What you return must match the listing exactly, with every image removed.
== Supplied data ==
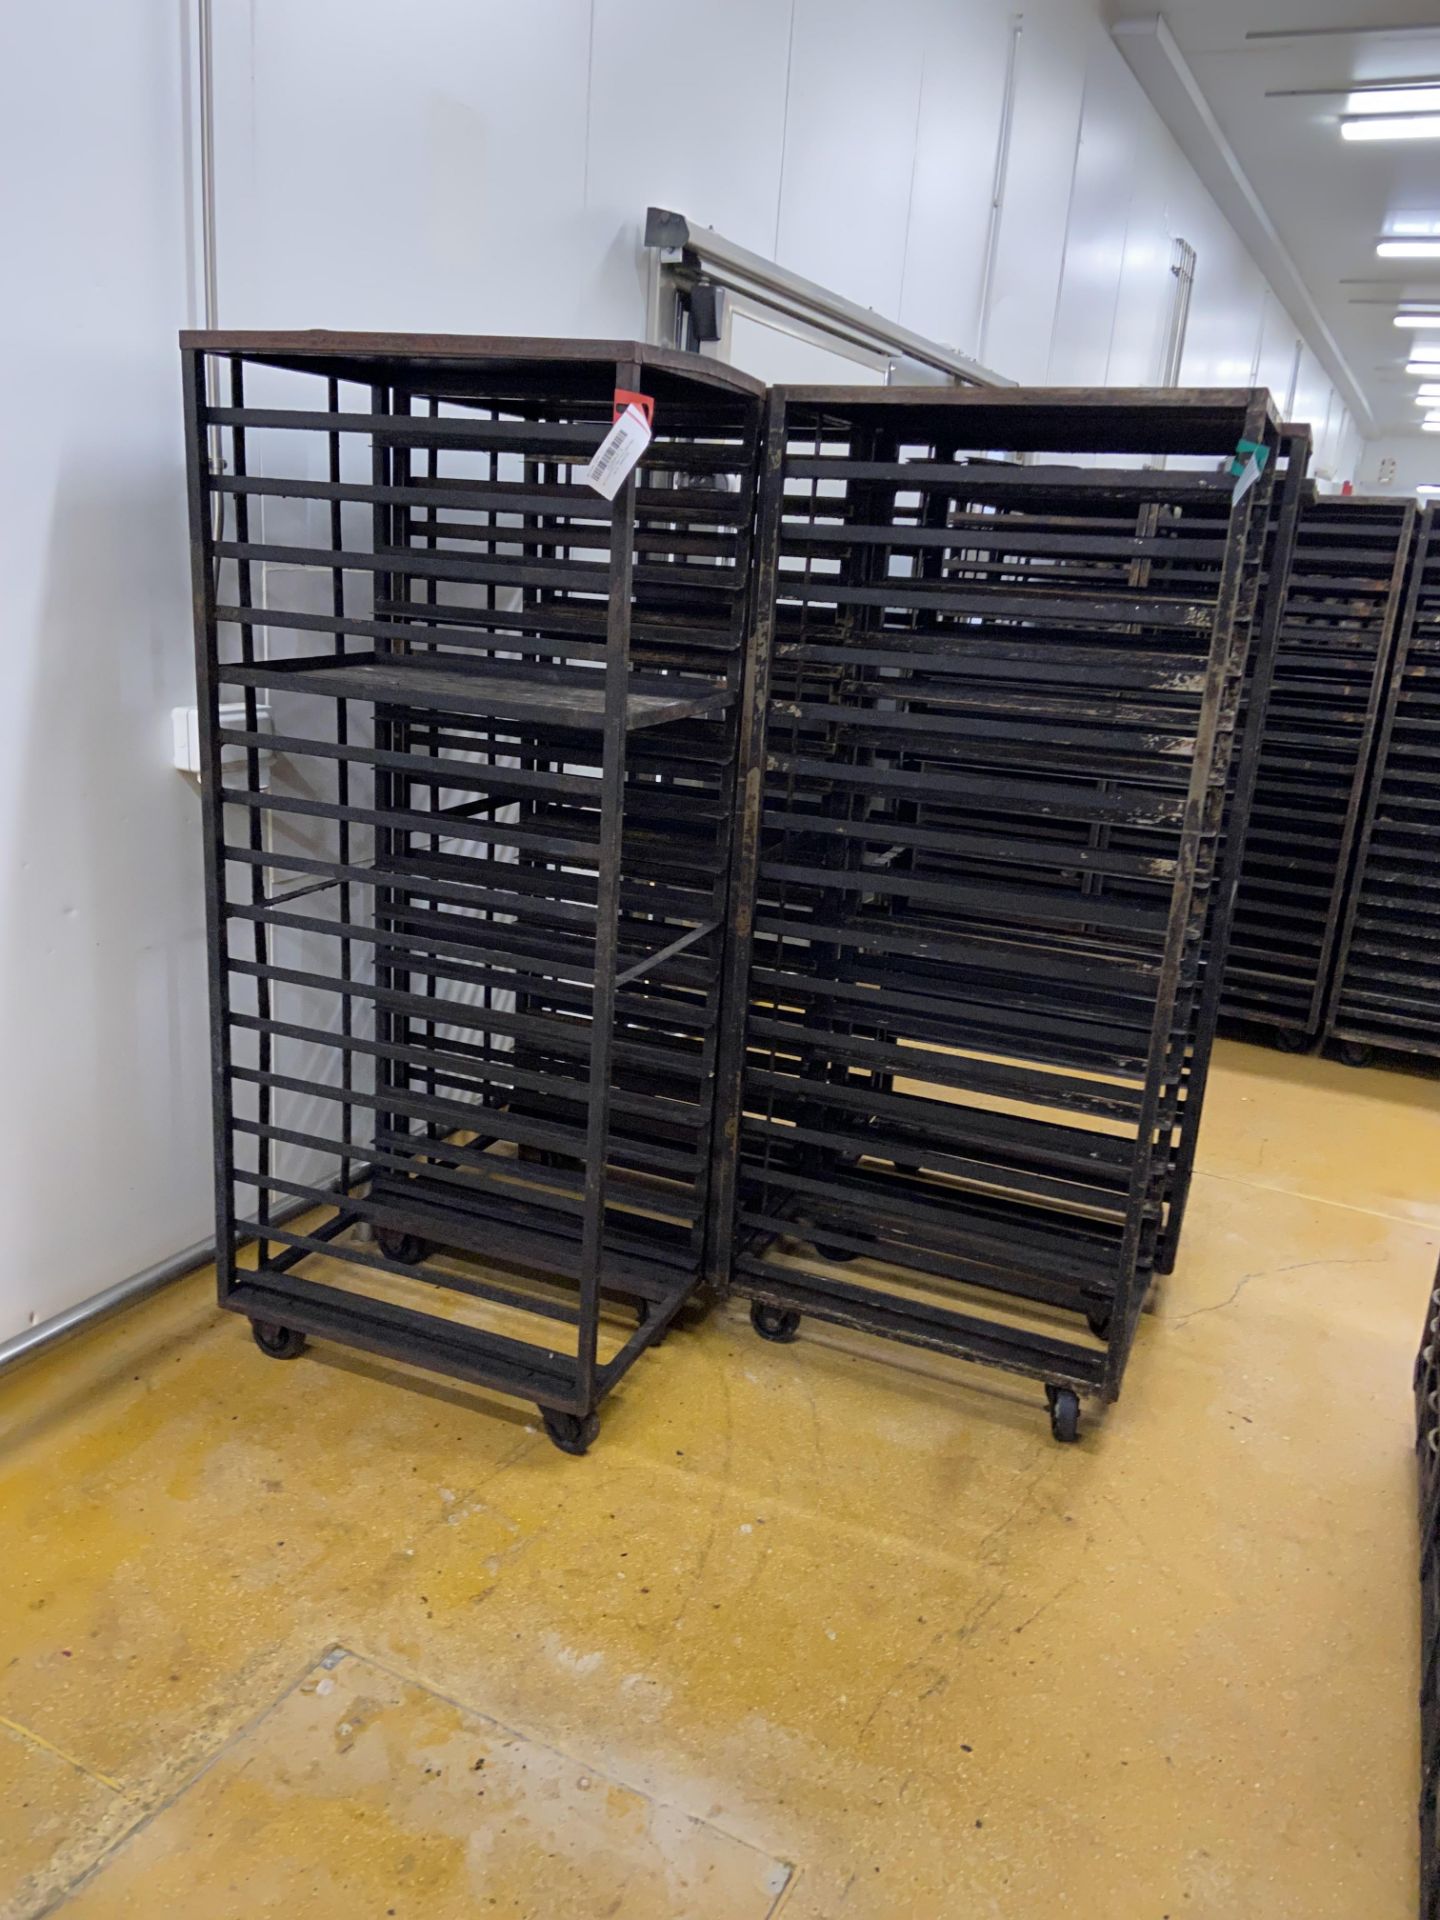 20 Stainless Steel Multi-Tier Mobile Tray Racks, each approx. 760mm x 530mm x 1780mm high, with a - Image 3 of 5
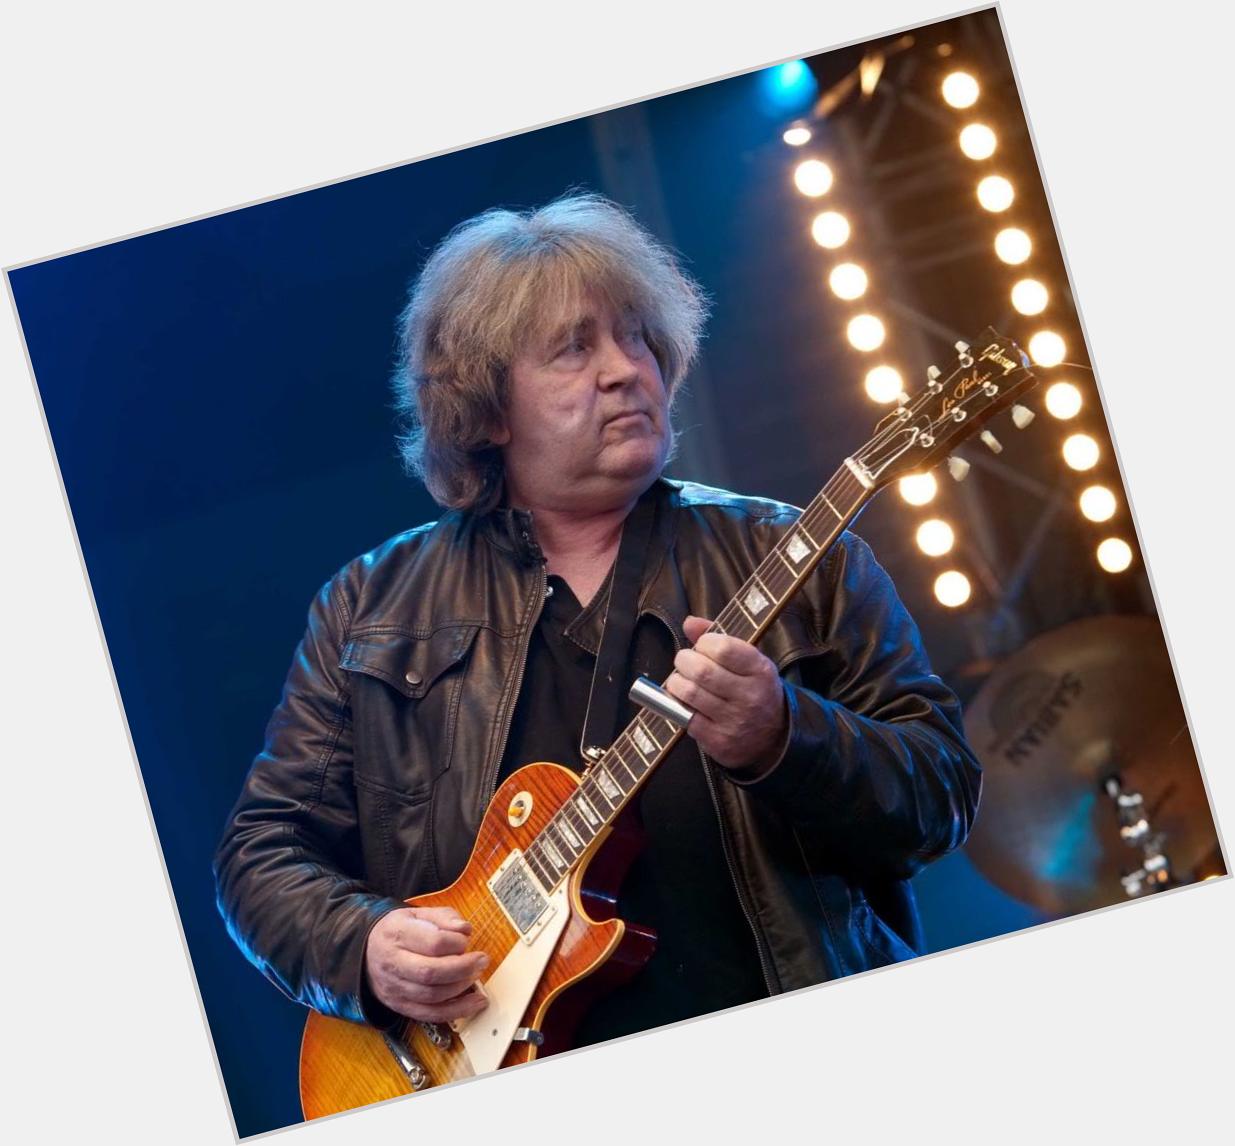  Happy birthday to Mick Taylor, 66 today :-) 
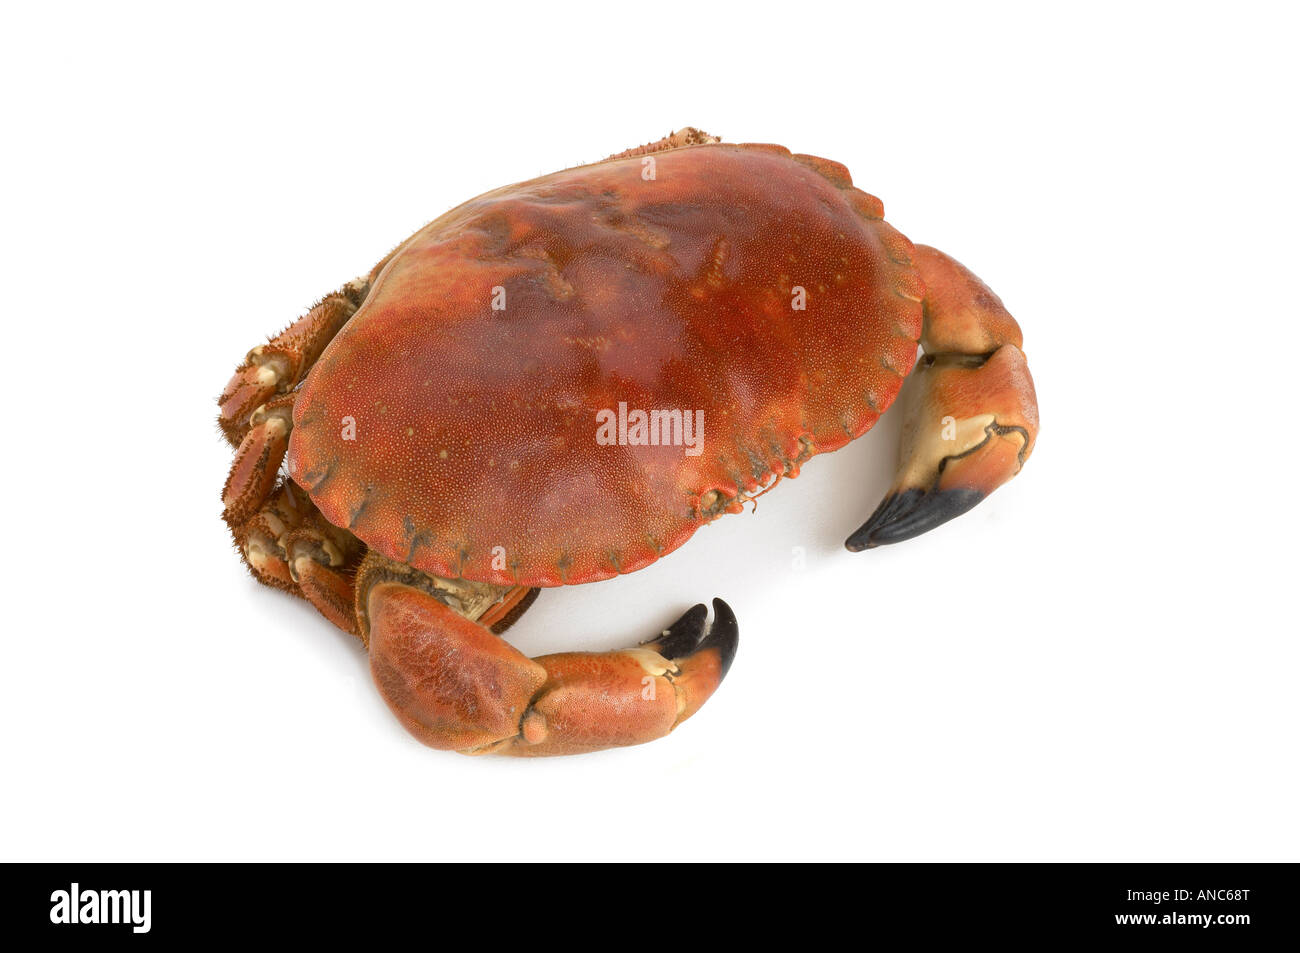 Whole Cooked Crab Stock Photo
===
- _Result for this task_:
 20 Stainless Steel Multi-Tier Mobile Tray Racks, each approx. 760mm x 530mm x 1780mm high, with a - Image 3 of 5
  Happy birthday to Mick Taylor, 66 today :-) 
 Whole Cooked Crab Stock Photo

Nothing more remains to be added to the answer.